We called it DOROTHY, after American journalist Dorothy Thompson. Just as Thompson exposed the rise of Fascism in Germany in the 1930s, we hoped our model would help us identify the best journalism to convey Trump’s anti-Democratic tendencies and incompetence.
But how good was DOROTHY? We used a common strategy to evaluate the performance of machine learning models called leave-one-out-cross-validation. Cross-validation provides a sense of how well the model performs on data it hasn’t seen by training a version of the model on one subset of the data and testing its performance on the other. We calculated the cross-validated performance for both the engagement model with a baseline model based only on ad CTR, and found that DOROTHY performed 34% better.

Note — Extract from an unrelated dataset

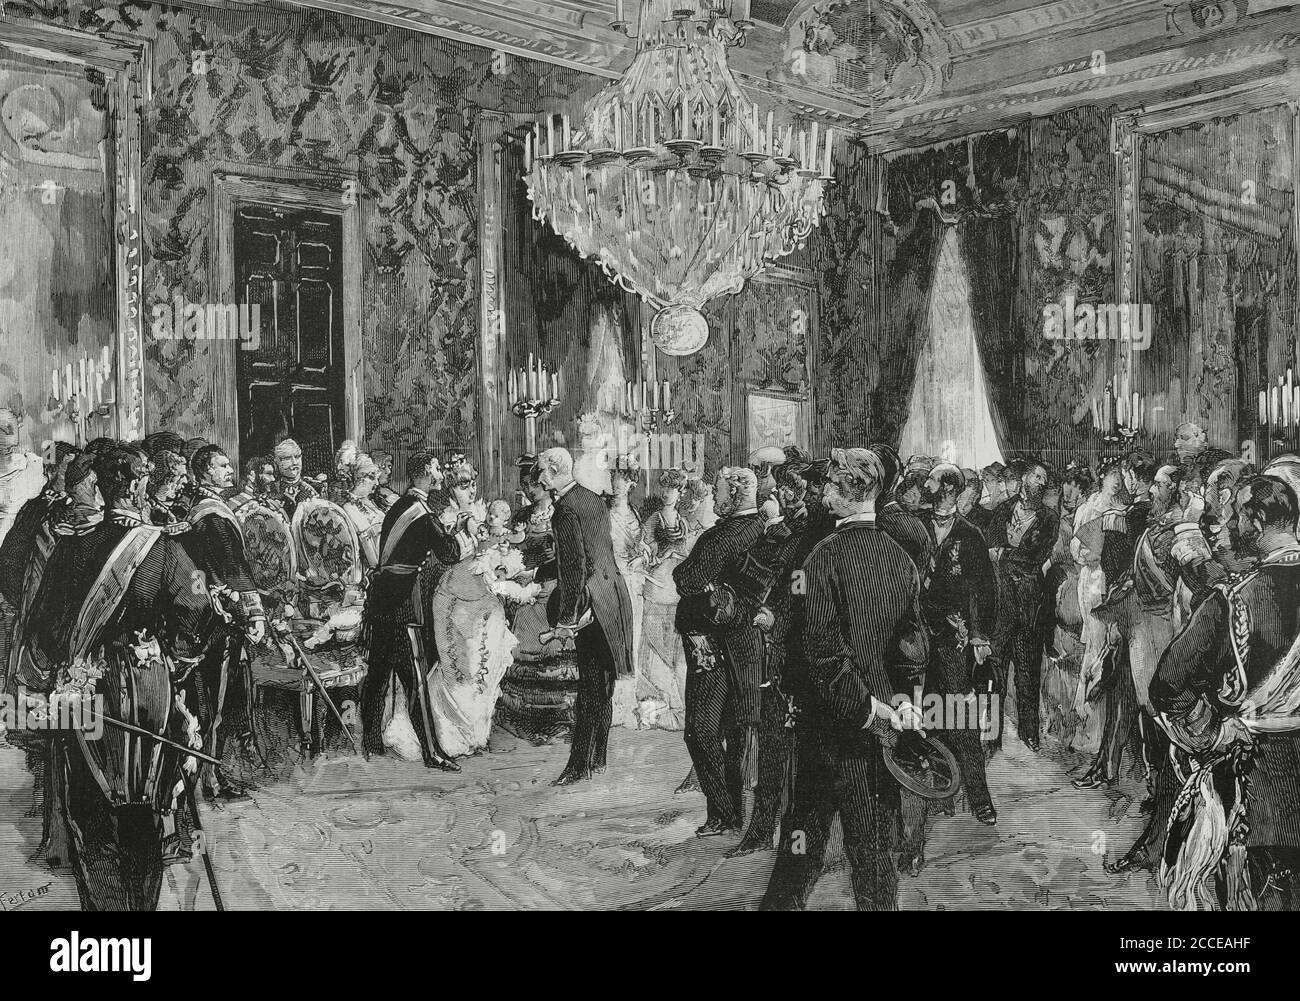 Spain, Madrid. Royal Palace. Ceremony of imposing the insignia of the Cross of the Victory to the Princess of Asturias, on the April 9, 1881. The King and Queen (Alfonso XII and Maria Cristina of Habsburg-Lorraine), the Infanta of Spain and Princess of Asturias Maria de las Mercedes, in the arms of their august mother, and infantas Isabel, Paz and Elulalia are present. Life drawing by Ferrant. Engraving by Bernardo Rico (1825-1894). La Ilustracion Española y Americana, 1881. Stock Photo

While this may seem like a reasonable test of the model’s performance, cross-validation is not a complete panacea. How could we devise a test that would allow us to feel confident enough to use the model to make real-time decisions about how much money to invest in new ads or news content — in perhaps the most important presidential election in our lifetime?
We started by conducting additional exploratory analyses. For example, we examined the model’s predictions for Black Lives Matter ads across different demographic groups. What we found matched our intuition: Black Lives Matter content had large predicted persuasive effects on young people and almost no effect on older people.
But the most important test would be if we could use DOROTHY to identify persuasive news stories up front, and then run a field experiment to gauge their persuasive effects. In September, we did just that. Our DOROTHY models predicted that an article about the precarity of the Affordable Care Act (ACA), in particular the coverage for pre-existing conditions, would be persuasive in the wake of Ruth Bader Ginsburg’s passing. DOROTHY’s prediction and the treatment effect observed in our experiment were relatively similar, further increasing our confidence in the model.
At ACRONYM we’ve used DOROTHY for a wide range of applications, from sourcing persuasive content to an ad optimization framework that automatically reallocates budget based on its predictions.
We also wanted to share this tool with the wider progressive advertising community ahead of the election, so we built a web analytics dashboard that would take ad data and display DOROTHY predictions.
As of today, DOROTHY has been used to rank nearly 20,000 ads and articles across a dozen different organizations.
Next, to truly realize the tool’s potential, we went deep down the ad tech rabbit hole and built a system that automatically reallocated ads, audiences, and budget based on the performance of this metric. Given the variation we saw in our DOROTHY measure among different demographic groups (see above), we wanted to get the most persuasive content in front of the right audiences. We collected dozens of current articles grouped by event and topic, then used DOROTHY to select the most persuasive for each audience. Our system was able to adjust the ad spend up or down for each article-audience segment based on these predictions about persuasiveness once the article had received at least 25,000 impressions.
DOROTHY isn’t a perfect model — we saw a lot of hiccups early on and the system does make some mistakes – . but on average it works fairly well. Of course, there are still many questions left unanswered. Would this type of tool work beyond anti-Trump advertising? We used the same, obviously left-leaning Facebook page to distribute advertisements; how much does this source cue affect the reaction mix that we used to train our model? What about funny content that might get a lot of haha reactions — how might we account for that potential confound?
At the end of the day, through both DOROTHY and our larger Barometer measurement work, our team was proud of what we built this cycle – and how we were able to share learnings and resources with the progressive community. It is our hope that this style of innovation and experimental research will continue to form the foundation of progressive ad programs in years and election cycles to come.